The late 90s and early 2000s saw the world move into 3D computer graphics at a scale never before seen. This effected industries ranging from architecture, mechanical engineering, physics, and — you guessed it — video games.

3D computer graphics explains the world in terms of vectors. A vector is a point in 3d space that has a given direction and magnitude. For example, if I was trying to explain the vector of a wind current, I might describe its source (say a fan on the table), the direction its blowing, and its wind speed. The location of the source would be its point in xyz coordinates — if it were in the middle of my 6 foot room on a table 2 feet high (please stay with me I don’t know anything about lengths) we might say it is located at (3,3,2).

In general, when we’re simulating actions in a 3D computer space, there are two types of calculations we can make: direction calculations and distance calculations. Distance calculations are pretty simple — if I wanted to find the magnitude, I could do it by taking the square root of x^2 + y^2 + z^2 and working from there. But if I want to do a direction calculation, that means I need to normalize magnitude in order to solve for angle. In other words, I need divide x, y, and z by the magnitude… which just happens to be a square root.

As to why dividing by a square root is so hard for a computer to do… its complicated.
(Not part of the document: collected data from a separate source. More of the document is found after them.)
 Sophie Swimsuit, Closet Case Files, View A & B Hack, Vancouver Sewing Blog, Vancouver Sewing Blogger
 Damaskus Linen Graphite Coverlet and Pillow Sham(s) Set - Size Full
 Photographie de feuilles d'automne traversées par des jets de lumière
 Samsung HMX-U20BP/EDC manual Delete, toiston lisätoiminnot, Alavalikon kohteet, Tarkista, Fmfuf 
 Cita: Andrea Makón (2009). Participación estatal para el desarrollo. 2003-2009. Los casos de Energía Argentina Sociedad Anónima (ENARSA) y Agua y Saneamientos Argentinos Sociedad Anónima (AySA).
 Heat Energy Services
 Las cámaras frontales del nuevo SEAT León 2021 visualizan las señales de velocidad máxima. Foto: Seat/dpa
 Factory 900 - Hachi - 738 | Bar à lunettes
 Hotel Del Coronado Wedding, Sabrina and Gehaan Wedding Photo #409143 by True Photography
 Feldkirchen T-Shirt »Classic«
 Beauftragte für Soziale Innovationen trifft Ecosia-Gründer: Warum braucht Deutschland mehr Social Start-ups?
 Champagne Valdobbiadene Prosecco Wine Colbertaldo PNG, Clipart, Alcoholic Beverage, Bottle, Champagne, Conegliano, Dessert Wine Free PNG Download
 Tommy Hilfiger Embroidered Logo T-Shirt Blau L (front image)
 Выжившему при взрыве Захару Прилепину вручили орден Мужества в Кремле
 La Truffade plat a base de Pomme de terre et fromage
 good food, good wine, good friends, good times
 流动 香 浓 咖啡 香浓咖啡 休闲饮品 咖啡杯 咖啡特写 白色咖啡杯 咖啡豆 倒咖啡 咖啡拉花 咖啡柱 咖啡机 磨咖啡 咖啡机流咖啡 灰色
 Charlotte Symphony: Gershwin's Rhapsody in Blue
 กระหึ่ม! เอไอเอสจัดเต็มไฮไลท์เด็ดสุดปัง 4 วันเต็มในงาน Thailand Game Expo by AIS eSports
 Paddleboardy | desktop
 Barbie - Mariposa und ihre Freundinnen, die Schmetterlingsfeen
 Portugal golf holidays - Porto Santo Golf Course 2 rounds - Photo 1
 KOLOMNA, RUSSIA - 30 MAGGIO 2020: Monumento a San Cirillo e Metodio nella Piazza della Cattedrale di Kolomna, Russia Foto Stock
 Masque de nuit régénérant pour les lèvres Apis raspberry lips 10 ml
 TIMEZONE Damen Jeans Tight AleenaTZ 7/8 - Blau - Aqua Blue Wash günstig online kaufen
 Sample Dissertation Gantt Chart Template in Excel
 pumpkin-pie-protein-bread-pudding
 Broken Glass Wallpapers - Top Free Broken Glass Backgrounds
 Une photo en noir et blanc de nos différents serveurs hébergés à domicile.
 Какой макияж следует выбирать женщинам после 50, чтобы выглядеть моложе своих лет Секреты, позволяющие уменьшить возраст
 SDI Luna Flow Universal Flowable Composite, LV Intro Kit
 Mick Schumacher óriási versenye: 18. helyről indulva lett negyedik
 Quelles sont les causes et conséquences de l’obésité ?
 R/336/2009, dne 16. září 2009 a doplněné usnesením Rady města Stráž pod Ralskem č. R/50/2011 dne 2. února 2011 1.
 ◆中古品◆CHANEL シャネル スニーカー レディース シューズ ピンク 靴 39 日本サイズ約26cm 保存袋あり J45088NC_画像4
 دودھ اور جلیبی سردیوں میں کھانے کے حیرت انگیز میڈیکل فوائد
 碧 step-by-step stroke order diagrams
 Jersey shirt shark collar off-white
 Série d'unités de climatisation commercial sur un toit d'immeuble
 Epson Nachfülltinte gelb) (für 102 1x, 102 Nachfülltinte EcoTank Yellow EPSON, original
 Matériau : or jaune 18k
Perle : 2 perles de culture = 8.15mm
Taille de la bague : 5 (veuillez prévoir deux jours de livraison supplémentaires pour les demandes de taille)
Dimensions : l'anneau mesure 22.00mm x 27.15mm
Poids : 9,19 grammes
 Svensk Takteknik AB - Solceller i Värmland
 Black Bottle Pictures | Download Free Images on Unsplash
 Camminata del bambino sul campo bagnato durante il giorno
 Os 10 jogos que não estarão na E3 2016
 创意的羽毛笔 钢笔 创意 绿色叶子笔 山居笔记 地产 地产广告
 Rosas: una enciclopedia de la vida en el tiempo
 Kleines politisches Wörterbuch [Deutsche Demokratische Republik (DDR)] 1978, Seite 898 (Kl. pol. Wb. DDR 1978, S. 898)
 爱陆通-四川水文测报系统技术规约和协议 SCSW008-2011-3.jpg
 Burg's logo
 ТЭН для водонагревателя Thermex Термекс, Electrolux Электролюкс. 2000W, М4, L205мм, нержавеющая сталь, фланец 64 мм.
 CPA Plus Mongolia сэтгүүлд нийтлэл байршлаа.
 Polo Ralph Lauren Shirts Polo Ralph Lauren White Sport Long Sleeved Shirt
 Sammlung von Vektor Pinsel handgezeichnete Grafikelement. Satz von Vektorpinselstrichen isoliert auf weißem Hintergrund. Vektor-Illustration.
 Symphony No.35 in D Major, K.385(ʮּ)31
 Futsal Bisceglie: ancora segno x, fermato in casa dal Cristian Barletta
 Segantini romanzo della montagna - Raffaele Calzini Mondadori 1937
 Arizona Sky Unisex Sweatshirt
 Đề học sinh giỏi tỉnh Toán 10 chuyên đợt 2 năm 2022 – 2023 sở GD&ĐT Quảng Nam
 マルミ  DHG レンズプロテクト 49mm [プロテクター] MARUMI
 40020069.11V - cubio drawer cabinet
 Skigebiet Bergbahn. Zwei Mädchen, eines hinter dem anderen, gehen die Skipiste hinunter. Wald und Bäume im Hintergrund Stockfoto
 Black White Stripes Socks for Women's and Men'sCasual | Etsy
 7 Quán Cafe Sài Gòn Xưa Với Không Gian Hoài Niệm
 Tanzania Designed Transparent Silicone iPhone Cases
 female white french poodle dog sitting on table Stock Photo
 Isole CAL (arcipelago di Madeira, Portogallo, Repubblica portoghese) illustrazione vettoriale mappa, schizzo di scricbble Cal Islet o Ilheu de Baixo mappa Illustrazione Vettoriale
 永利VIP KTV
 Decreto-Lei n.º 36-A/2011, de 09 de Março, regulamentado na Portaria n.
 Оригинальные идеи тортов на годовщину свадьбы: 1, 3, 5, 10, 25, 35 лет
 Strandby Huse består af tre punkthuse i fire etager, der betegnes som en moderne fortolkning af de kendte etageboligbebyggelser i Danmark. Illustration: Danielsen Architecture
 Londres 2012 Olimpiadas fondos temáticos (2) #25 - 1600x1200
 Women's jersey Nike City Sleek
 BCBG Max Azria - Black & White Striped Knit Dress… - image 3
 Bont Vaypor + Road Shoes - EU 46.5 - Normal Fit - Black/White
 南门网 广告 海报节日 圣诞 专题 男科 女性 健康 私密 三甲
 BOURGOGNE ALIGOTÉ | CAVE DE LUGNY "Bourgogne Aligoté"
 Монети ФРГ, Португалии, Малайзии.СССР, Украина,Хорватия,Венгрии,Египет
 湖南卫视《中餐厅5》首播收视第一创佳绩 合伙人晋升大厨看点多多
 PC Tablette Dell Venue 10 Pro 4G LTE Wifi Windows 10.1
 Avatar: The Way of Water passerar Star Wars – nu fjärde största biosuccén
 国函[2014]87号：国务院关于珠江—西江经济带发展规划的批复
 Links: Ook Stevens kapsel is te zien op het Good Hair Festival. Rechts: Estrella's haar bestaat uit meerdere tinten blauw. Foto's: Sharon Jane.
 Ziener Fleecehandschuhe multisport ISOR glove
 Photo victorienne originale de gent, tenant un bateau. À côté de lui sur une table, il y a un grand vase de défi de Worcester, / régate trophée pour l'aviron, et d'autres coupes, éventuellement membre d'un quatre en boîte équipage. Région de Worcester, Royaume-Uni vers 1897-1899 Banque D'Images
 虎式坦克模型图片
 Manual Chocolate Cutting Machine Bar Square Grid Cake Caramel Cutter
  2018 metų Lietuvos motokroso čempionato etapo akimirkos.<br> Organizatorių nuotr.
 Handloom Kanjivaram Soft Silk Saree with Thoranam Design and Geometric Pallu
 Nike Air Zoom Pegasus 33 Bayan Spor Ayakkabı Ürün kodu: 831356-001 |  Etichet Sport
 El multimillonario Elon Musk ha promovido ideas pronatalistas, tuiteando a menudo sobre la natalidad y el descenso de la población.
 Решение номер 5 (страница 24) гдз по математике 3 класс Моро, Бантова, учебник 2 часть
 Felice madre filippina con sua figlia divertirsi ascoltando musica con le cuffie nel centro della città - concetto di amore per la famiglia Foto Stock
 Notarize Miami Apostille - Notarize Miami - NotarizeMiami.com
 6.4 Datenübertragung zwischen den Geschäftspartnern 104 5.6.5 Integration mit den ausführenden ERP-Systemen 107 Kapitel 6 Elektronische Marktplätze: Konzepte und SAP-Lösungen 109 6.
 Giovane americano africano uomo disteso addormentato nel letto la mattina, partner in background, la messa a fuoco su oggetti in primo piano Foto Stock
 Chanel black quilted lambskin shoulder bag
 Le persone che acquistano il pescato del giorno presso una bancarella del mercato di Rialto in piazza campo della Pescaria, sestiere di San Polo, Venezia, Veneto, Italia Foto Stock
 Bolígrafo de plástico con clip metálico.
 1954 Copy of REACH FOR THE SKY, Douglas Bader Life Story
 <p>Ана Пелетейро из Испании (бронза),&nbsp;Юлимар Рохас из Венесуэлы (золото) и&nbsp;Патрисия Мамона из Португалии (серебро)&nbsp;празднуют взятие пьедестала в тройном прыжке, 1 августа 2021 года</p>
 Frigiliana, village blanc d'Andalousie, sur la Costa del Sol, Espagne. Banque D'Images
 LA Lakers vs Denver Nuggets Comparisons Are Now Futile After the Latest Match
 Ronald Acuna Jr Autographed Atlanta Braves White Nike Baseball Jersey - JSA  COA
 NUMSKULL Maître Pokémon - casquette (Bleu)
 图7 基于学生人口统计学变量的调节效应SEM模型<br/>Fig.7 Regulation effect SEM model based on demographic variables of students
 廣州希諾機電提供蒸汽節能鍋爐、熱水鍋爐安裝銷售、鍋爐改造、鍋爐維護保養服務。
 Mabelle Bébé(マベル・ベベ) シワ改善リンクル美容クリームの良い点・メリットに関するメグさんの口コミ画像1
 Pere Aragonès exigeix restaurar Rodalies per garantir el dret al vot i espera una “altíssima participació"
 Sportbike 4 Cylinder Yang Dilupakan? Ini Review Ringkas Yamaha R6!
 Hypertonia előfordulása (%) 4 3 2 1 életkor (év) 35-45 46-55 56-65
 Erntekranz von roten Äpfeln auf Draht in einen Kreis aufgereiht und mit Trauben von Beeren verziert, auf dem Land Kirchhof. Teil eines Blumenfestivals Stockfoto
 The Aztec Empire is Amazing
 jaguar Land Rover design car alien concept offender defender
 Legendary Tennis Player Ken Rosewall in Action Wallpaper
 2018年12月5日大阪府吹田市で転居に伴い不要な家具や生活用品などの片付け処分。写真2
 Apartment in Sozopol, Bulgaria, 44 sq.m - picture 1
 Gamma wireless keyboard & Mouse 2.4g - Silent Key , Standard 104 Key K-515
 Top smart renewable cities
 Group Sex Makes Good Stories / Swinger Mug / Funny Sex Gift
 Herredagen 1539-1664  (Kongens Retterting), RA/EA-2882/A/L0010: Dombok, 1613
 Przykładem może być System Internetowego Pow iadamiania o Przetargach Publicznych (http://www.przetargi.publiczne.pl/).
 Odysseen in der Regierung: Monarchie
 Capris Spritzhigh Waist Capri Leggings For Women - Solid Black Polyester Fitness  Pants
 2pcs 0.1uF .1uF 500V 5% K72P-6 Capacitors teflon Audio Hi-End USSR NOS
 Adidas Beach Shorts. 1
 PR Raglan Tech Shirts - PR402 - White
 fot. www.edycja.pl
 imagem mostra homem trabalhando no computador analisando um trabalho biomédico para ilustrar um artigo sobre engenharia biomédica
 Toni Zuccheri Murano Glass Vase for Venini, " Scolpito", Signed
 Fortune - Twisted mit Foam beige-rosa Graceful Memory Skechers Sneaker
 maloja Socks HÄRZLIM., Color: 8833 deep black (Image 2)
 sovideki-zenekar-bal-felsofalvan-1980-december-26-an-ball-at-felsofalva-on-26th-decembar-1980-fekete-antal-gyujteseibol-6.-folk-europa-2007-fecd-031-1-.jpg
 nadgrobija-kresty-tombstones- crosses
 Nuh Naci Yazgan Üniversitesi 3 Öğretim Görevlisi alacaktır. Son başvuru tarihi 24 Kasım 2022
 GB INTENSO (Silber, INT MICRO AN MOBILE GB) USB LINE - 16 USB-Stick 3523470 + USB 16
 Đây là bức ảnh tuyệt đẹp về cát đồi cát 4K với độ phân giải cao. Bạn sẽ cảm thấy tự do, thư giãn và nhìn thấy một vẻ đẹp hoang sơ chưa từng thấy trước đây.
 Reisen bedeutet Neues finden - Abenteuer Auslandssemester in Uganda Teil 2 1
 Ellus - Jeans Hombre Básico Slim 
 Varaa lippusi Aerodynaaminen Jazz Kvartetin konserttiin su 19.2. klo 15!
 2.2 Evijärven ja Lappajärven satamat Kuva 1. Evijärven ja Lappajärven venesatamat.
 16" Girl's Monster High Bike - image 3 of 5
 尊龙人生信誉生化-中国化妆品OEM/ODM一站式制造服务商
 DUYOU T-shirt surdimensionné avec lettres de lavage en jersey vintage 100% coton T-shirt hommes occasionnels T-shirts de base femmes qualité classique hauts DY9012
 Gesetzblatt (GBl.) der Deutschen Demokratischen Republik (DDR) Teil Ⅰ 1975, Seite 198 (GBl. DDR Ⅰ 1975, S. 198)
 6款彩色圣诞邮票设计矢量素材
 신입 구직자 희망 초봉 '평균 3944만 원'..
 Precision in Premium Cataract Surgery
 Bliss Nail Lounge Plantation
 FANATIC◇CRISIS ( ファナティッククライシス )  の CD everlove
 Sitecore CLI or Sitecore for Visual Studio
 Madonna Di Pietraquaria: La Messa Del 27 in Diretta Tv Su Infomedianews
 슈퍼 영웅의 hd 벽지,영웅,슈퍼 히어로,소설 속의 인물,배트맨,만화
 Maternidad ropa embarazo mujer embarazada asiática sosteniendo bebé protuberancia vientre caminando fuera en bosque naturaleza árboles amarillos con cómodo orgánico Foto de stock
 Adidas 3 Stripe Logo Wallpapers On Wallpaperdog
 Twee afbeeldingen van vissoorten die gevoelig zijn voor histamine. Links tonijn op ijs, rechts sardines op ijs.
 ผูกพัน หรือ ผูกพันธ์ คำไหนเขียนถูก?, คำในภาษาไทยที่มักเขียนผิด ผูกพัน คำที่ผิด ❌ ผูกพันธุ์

Square rooting by itself is rather trivial, and in fact we’ll see how it works when we get to the FISR algorithm proper. Inverse square rooting, on the other hand, requires a lot of background calculations to do properly and thus takes up a lot of compute time and power. Considering that 3D engines were performing these calculations not once, but millions of times a second… it led to major slow down. The progress in the 3D industry had become bricked, and the choice was between waiting for better hardware to come out to perform these calculations faster, or to rebuild the calculations from the ground up.

Id Software chose the latter.

The Algorithm

Id Software is a company that represents what this blog — and most of my career — is all about: the intersection between art and technology.

Id was, first and foremost, a game company. It knew how to make games fun — titles like Doom and Quake still have thousands of players and get regular reboots/releases every year. This is something that is purely built into the design of these games: in other words, the art.

Yet at the same time, Id Software has a prestigious history of technological advances. Id’s cofounder John Carmack is considered by many to be one of the greatest programmers of all time, let alone within the gaming space. And while I (don’t believe) Carmack made FISR, it stands that the culture he created at Id incentivized making breakthrough technological innovations, of which FISR is no exception.

The genius of FISR is in its simplicity. I call this an algorithm, but in reality it is barely one — really its just a formula that occurs at the bit level.

We of course know that the problem with existing inverse square root calculations is the amount of time it takes a typical programming language to do the necessary prerequisite functions. So, theoretically — if we could limit that process to one or two simple functions — it could speed things up dramatically.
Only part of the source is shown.